I have mixed successes in costing, planning and managing such projects

Can anyone recommend good books on best methods for costing, planning and managing such software projects.

Thanks
 
Try a search on Agile Project Management.
 
You have to differentiate whether you are getting sales pitches rather than how-tos - I noticed many sales pitch books on Agile Project Management practices and very few on how to do it when I looked at the topic in Google...

Anyhow, one would be hard pressed to do better than the
Project Management Institute's Guide to the Project Management Body of Knowledge which covers basically everything you could ever want to know or need to know about Project Management as of the date of publication. I give the amazon link, but you might look at PMI's website to see if they have published anything newer than 2004.

As for some lighter and/or more focused reading, there are a whole bookshelf of books that people will suggest. The thumbnail sketch of the topic that I have experience with is Software Project Survival Guide.

Much depends on the specific topic at hand - if you're looking at program coding and management best practices, every programmer (not just managers) would do much worse than to find a copy of Code Complete. I found it very valuable to formalize some things I figured out via trial and error in practice, as well as clarify a few things.

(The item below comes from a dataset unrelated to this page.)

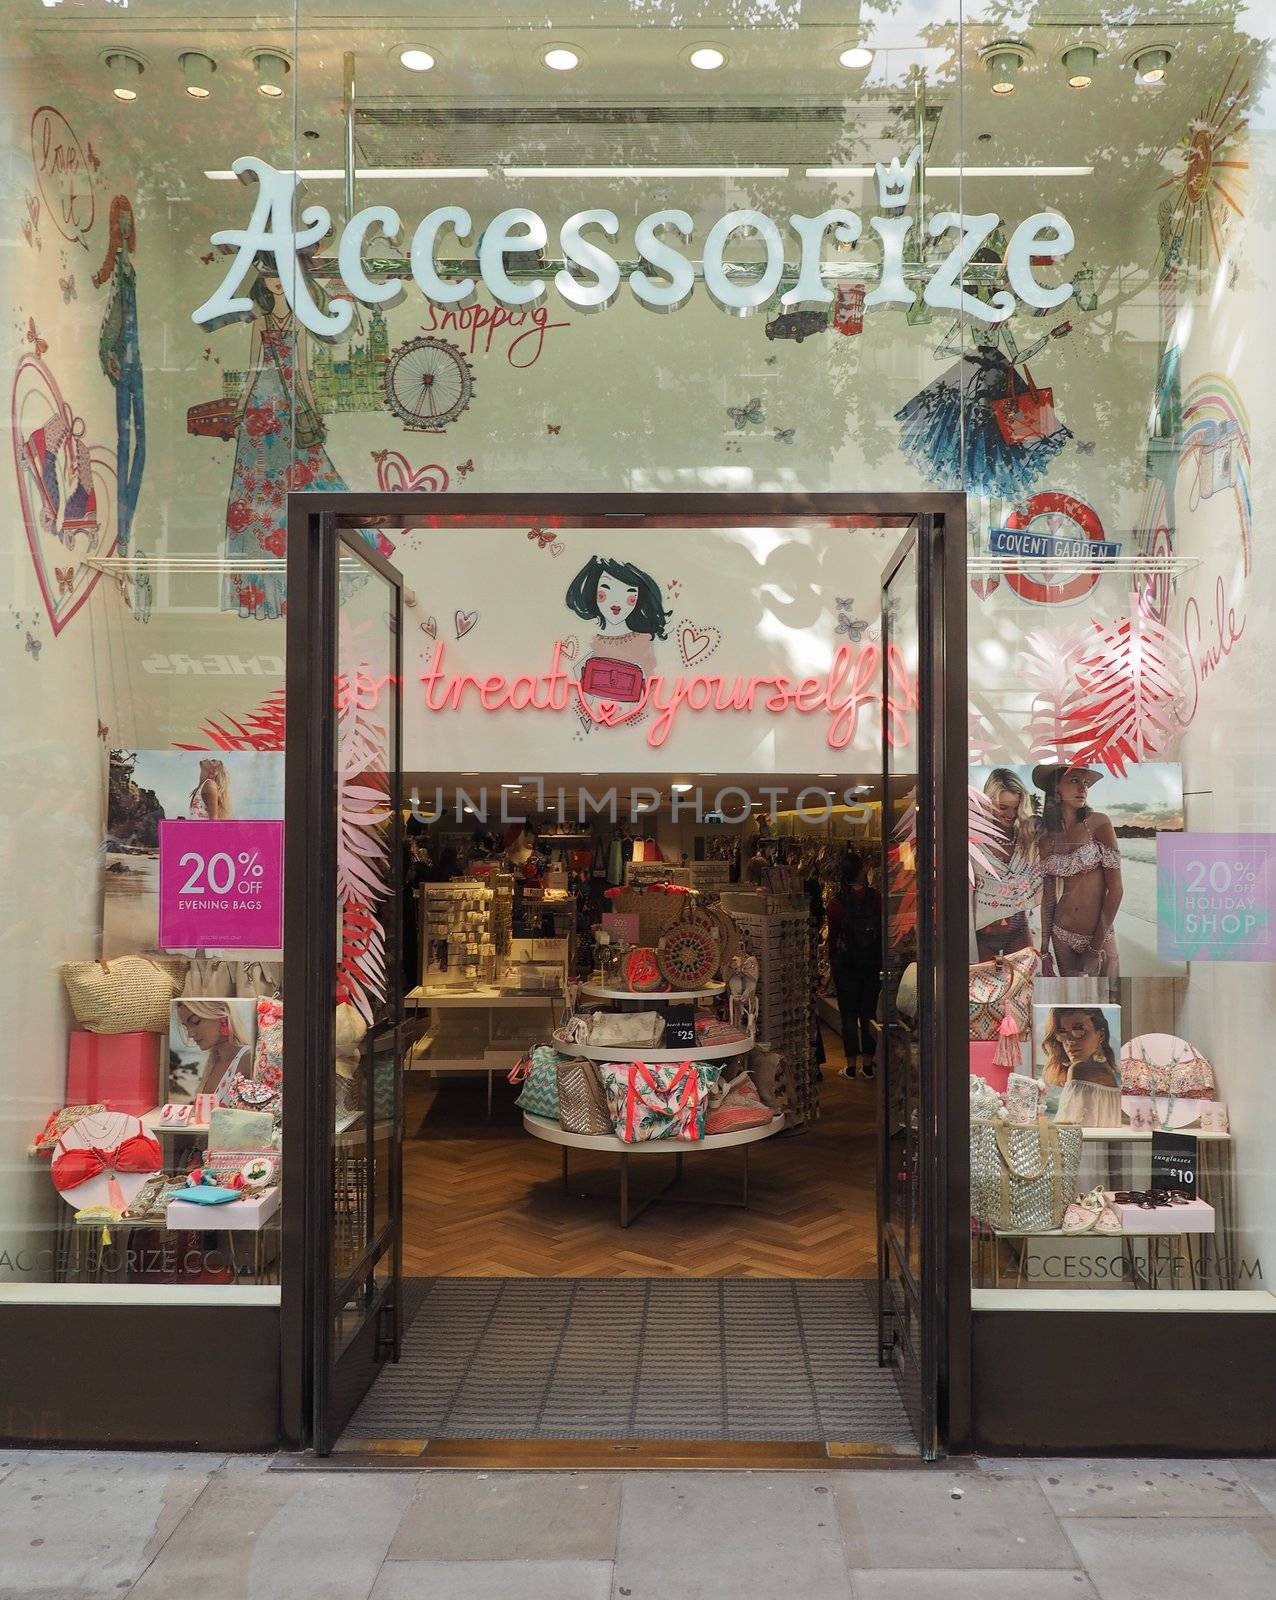 LONDON, UK - CIRCA JUNE 2018: Accessorize storefront

Again much of the suggestion would depend on what you are looking to do exactly.
 
Steve McConnell, the author of Code Complete, also runs a software project management company. On their website, they have a set of document templates that can lead you right through the project:
_____
Jeff
[small][purple]It's never too early to begin preparing for [/purple]International Talk Like a Pirate Day
"The software I buy sucks, The software I write sucks. It's time to give up and have a beer..." - Me[/small]
 
I should recommand (I did not consult other books).

HEAD FIRST Software Development (its almost about planning, test driven developemt, ...).

HEAD FIRST PMP (I have the book but didn't read it already). This goes further then Software Development, I think its about risk management, budget ...)

or Oreilly or Amazon.
 
I'll put in my twopenneth.....

My organisation is the owner of PRINCE2 and I know a few of the original developers. They would say that PRINCE2 is not a bureaucratic exercise but a best practice exercise that can be scaled according to your needs.

I've yet to see much in any other methodology that is not somewhere in PRINCE2. The skill with it is in using it appropriately.